When he reaches his bunker, at twilight, he stops and gets out. He looks out over his land and says, “There’s nothing like being by yourself. I’m reclusive. I want to get in touch with myself.” He glances sideways, and adds, “But society is coming.”

That’s why he is preparing by being self-sufficient. He is not so self-sufficient, however, that he’s ever mustered the courage to butcher his animals for food. But, that’s a moot point now. All his chickens were killed by raccoons last winter.

It’s late. Carlton has a dinner appointment. But he’s not sure what time it is now, because he doesn’t wear a watch. “I never know what time it is,” he says. “Or what day it is. Time is stress. Pressure melts away if you don’t deal with time. I don’t believe in birthdays, either. Or anniversaries. I don’t watch television. We don’t read newspapers. We don’t even have a Christmas tree. Those things hold vibrations of the past, and I exist only in the now. Bev is even more into it that I am.”

He trudges through the snow to the side door of his odd, domed bunker. Inside, he puts the flat of one palm against the concrete and says, “I’m waiting for the coldness to come out of the walls.” Bev is waiting for him in the living room. She is a small, sweet, nervous woman, sitting in a chair by a space heater. She used to bleach her hair blonde, but now her short cut is its natural brown. She smiles as her husband sits down across from her. She hugs herself from the cold, and then drags on a cigarette.

Their home is starkly furnished, not out of design but necessity. A few wooden tables, a bookcase filled with Carlton’s Eastern metaphysical books, a patterned sofa and easy chair, hand-me-downs from their son Scott, 25, a bartender in St. Louis. Their other son, Steven, 27, lives in Washington State, where he writes children’s songs.

Carlton doesn’t like to talk about his kids. “Why do you have to know about them?” he says plaintively. He doesn’t talk much about his parents, either, whom he rarely sees or speaks to. They, it seems, are another part of Carlton’s past that he has cut out of his life.

“The correspondence lacks,” admits Joe Carlton, 87 and blind. “We don’t hear from him much. It’s okay, though.”

“We keep up with him in the newspapers,” says Anne Carlton, who says of her age, “It’s nobody’s damned business.”

The elder Carltons are sitting in the shadowed, musty living room of their small, concrete house in North Miami, where they raised their son and two daughters, Christina and Joanne. From the outside, it looks uninhabited. The drab house paint is peeling, and the yards out front and back, dotted with Joe’s many fruit trees, are overgrown, rotted fruit littering the tall grass.

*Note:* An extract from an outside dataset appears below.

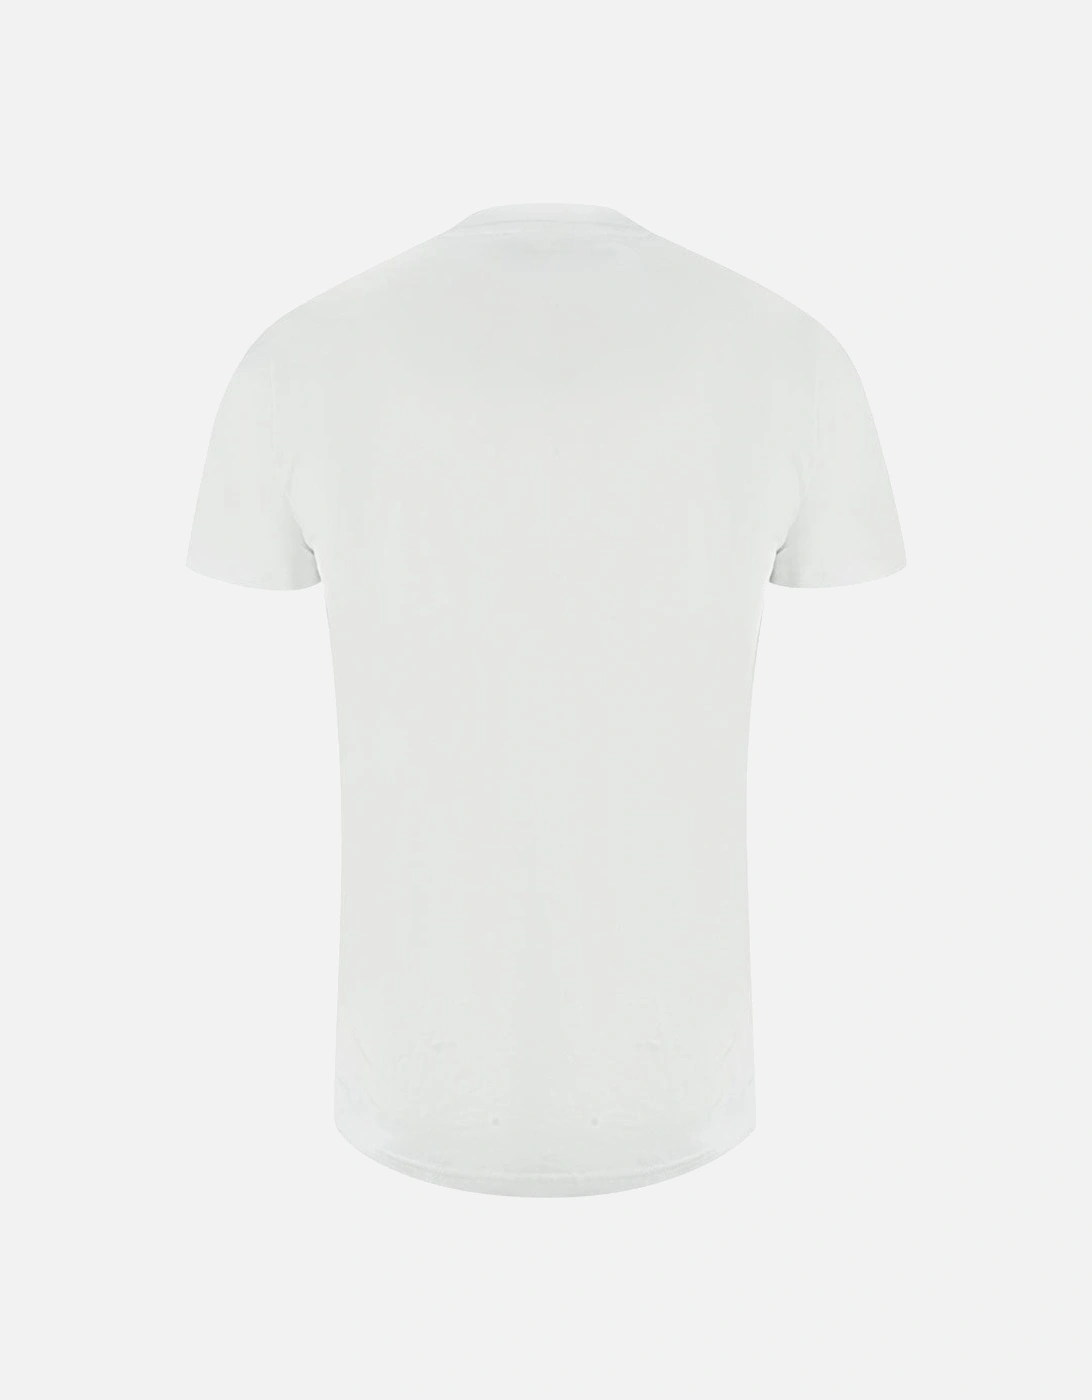 London 1851 White T-Shirt

Inside, the furniture is old and worn, and thick dust coats the television screen. Even the many photographs and newspaper articles on the walls are faded and dusty, like old tintypes. The photos are mostly of their son in various baseball uniforms. As a teenager—gawky, with a faint, distant smile, posing with his teammates, the Lions. With the Cardinals, his hair fashionably long, back in the ’60s. Then with the Phillies, posing with Mike Schmidt, captioned MVP AND CY YOUNG.

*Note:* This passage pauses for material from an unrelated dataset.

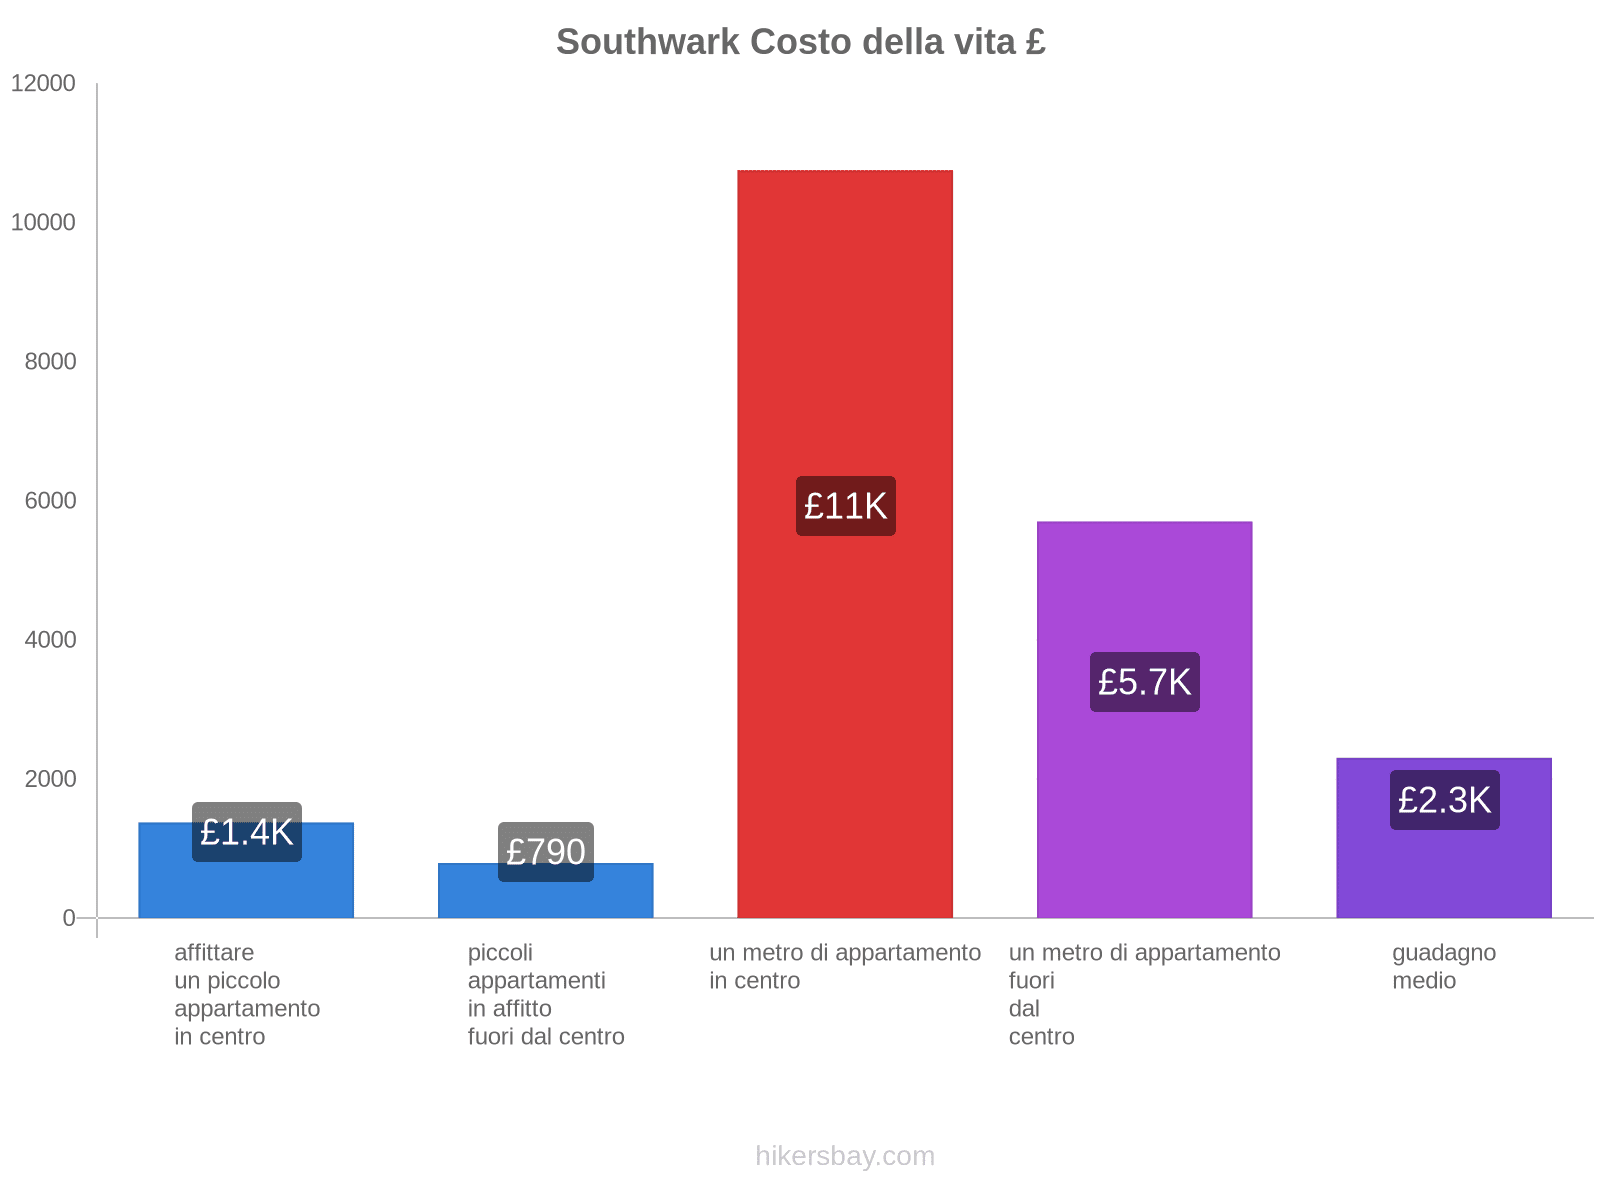 Southwark costo della vita hikersbay.com

“No, I haven’t heard from him,” says Joe, a former maintenance man with Pan Am. He is sitting on an ottoman, staring straight ahead through thick glasses. “I can’t see you, except as a shadow,” he says, staring out the window. He is a thin man, almost gaunt, with long silvery swept-back hair. He is wearing a faded Hawaiian shirt.

“It’s no special reason,” says Anne, sitting in her easy chair. “He just doesn’t call me anymore.”

“He called when Anne’s mother died, at 101,” says Joe. Then he begins to talk about his son as a child. How Joe used to go hunting with him in the Everglades. “We used to shoot light bulbs,” he says.

“Steve was a natural-born hunter,” says Anne. “Tell what kind of animals you hunted in the Everglades.”

“Lions and tigers.”

“Oh, you didn’t. There are no lions and tigers in the Everglades. Tell what kind of animals.”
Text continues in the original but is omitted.